Exploit available for critical RCE (CVE-2023-32314) bug in VM2 sandbox library
The maintainers of the VM2 library swiftly patched these critical flaws, which, if exploited, could permit malicious actors to circumvent security boundaries, modify console logs, and execute arbitrary shellcodes. These vulnerabilities, identified as CVE-2023-32314 and CVE-2023-32313, were discovered by Takeshi Kaneko, a researcher at GMO Cybersecurity by Ierae, Inc.
CVE-2023-32314: Breaking Out of the Sandbox
The first vulnerability, CVE-2023-32314, carries a CVSS score of 9.8, indicating its critical nature. This sandbox escape vulnerability was present in VM2 versions up to 3.9.17, exploiting an unexpected creation of a host object based on the Proxy specification.
In essence, this vulnerability could allow a malicious entity to bypass the sandbox protections. Once these protections are sidestepped, the attacker could gain remote code execution rights on the host running the sandbox. This is a particularly dangerous situation, as it essentially hands the keys to the kingdom to the attacker, enabling them to execute arbitrary code on the target system.
Fortunately, the maintainers of VM2 have patched this vulnerability in version 3.9.18, preventing further exploits.
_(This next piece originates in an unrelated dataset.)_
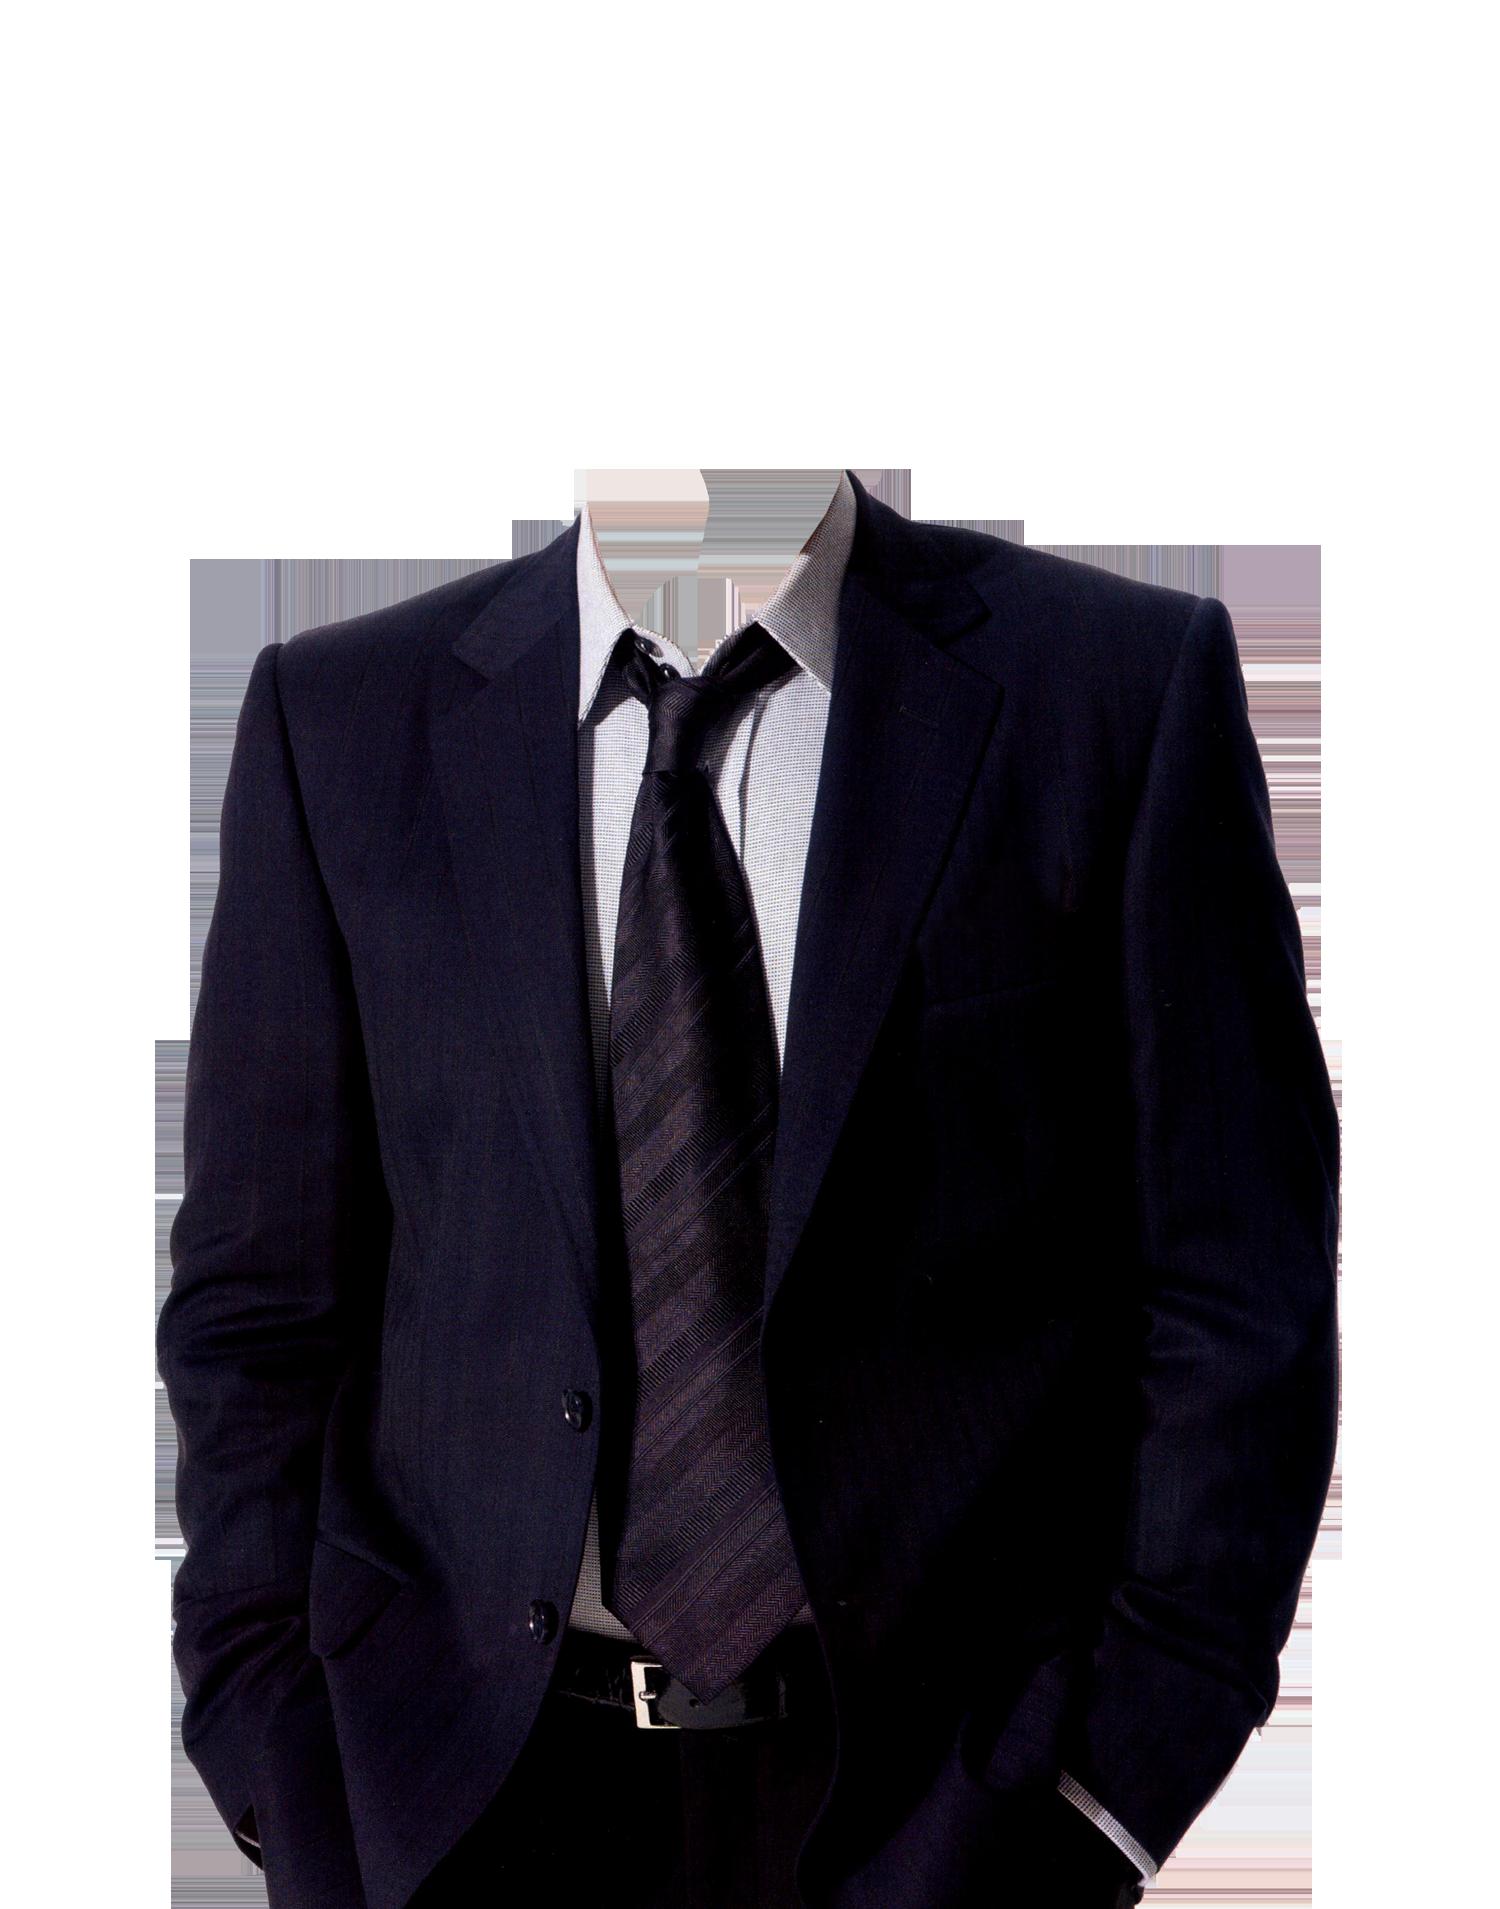 Pants clipart coat pant. Suit png images free

However, it is worth noting that there are no known workarounds for this vulnerability.
CVE-2023-32313: Inspect Manipulation
The second vulnerability, CVE-2023-32313, carries a CVSS score of 5.3. This flaw enabled the malicious actor to manipulate the inspect method, allowing them to get a read-write reference to the Node.js inspect method and alter options for console.log.
While this flaw doesn’t present the same level of risk as the sandbox escape, it’s far from harmless. The ability to manipulate console.log options could be used for various malicious activities such as altering log files, creating misleading error messages, or even hiding an attacker’s activities.
The good news is that this vulnerability was also addressed in VM2 version 3.9.18. For users who cannot immediately upgrade, a viable workaround is to make the inspect method readonly after creating a VM. This can be achieved using the command: `vm.readonly(inspect)`.
Proof-of-Concept Exploit Code
Following the release of the patched VM2 version, Takeshi Kaneko published the exploit code for both CVE-2023-32314 and CVE-2023-32313 on GitHub [1, 2]. These repositories provide a valuable resource for understanding the mechanics of these vulnerabilities and the measures taken to mitigate them.